A worker at PPC Cement in Cleveland, Johannesburg. File picture: Supplied
JOHANNESBURG - PPC, the listed cement and lime producer, improved its liquidity position by rescheduling the debt related to its new cement factory in the Democratic Republic of the Congo.

In tandem with this, PPC secured a two-year capital repayment moratorium.

The company said on Friday this meant the total capital requirements for PPC Barnet DRC would be limited to interest payments from this month up to January 2020.

PPC owns 69 percent of PPC Barnet DRC, with its local partner, Barnet Group, owning 21 percent, while the International Finance Corporation (IFC) owns 10 percent.

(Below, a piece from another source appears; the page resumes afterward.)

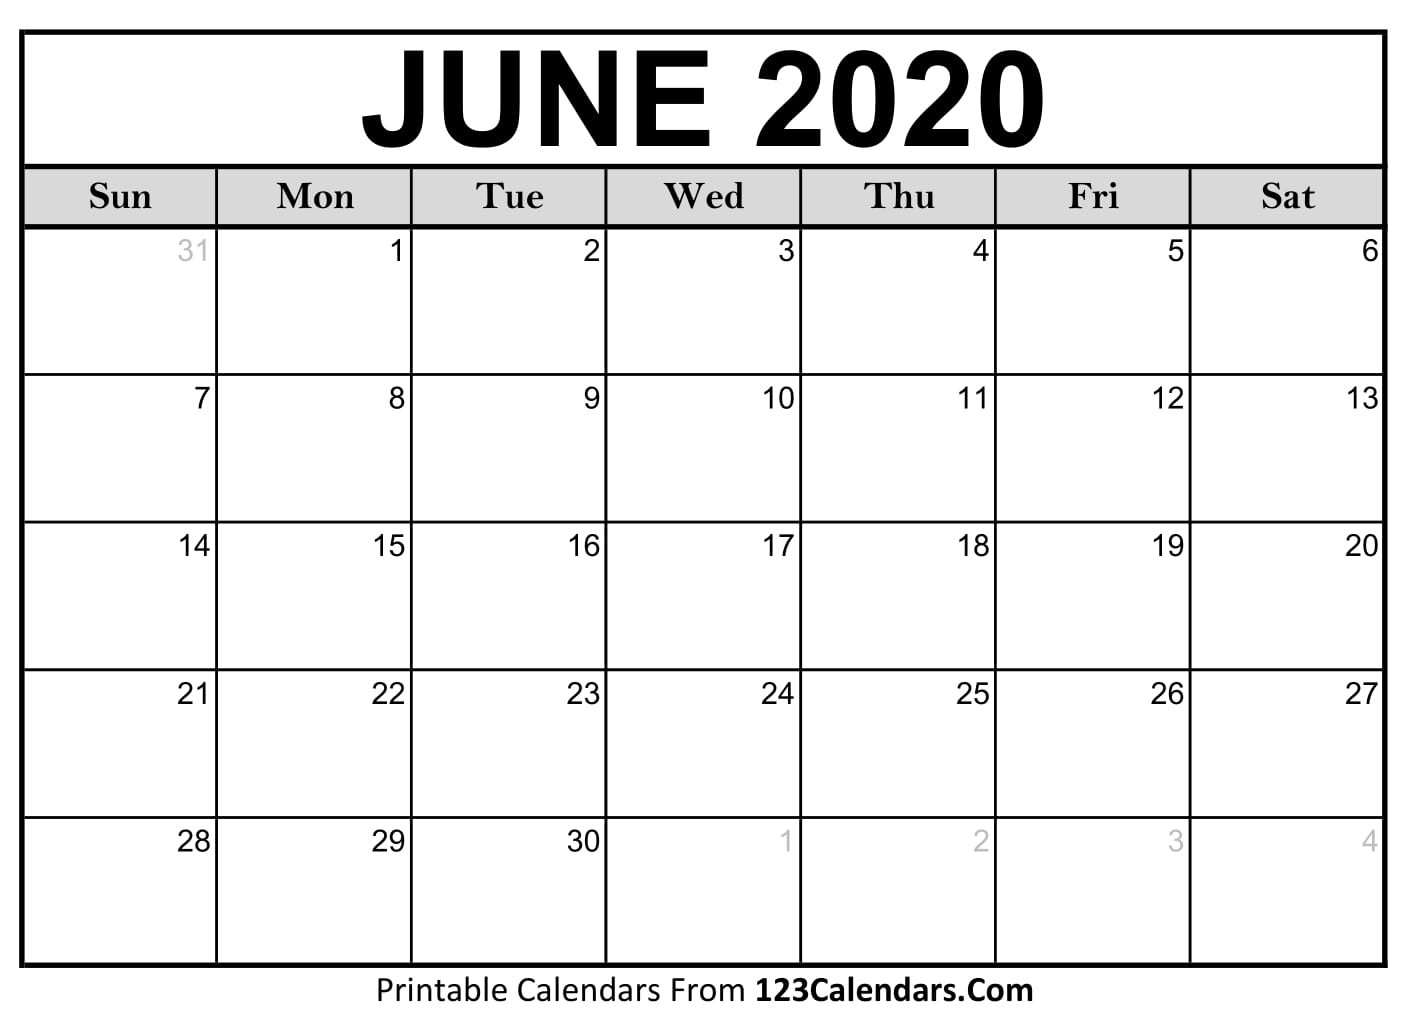 2020 Catholic Monthly Calendar Printable | Calendar Template

The new 1 million-tons-a-year cement plant near Kimpese in the Kongo Central Province in the DRC cost about $300 million to build and was 60 percent project-debt-funded by the IFC and Eastern and Southern African Trade and Development Bank (TDB).

Tryphosa Ramano, the chief financial officer of PPC, said the rescheduling of the group's debt in the DRC was a major achievement in handling PPC’s capital structure.

“The rescheduling of debt firstly reduces the capital requirements by PPC Barnet DRC from PPC. Second, it will improve cash flows for the DRC business, which will allow the business additional liquidity during this ramp up-phase.”

Johan Claassen, the interim chief executive, said in November the DRC plant had been completed and was being tested and commissioned.

Shares in PPC rose 2.32 percent on the JSE on Friday to close at R7.93.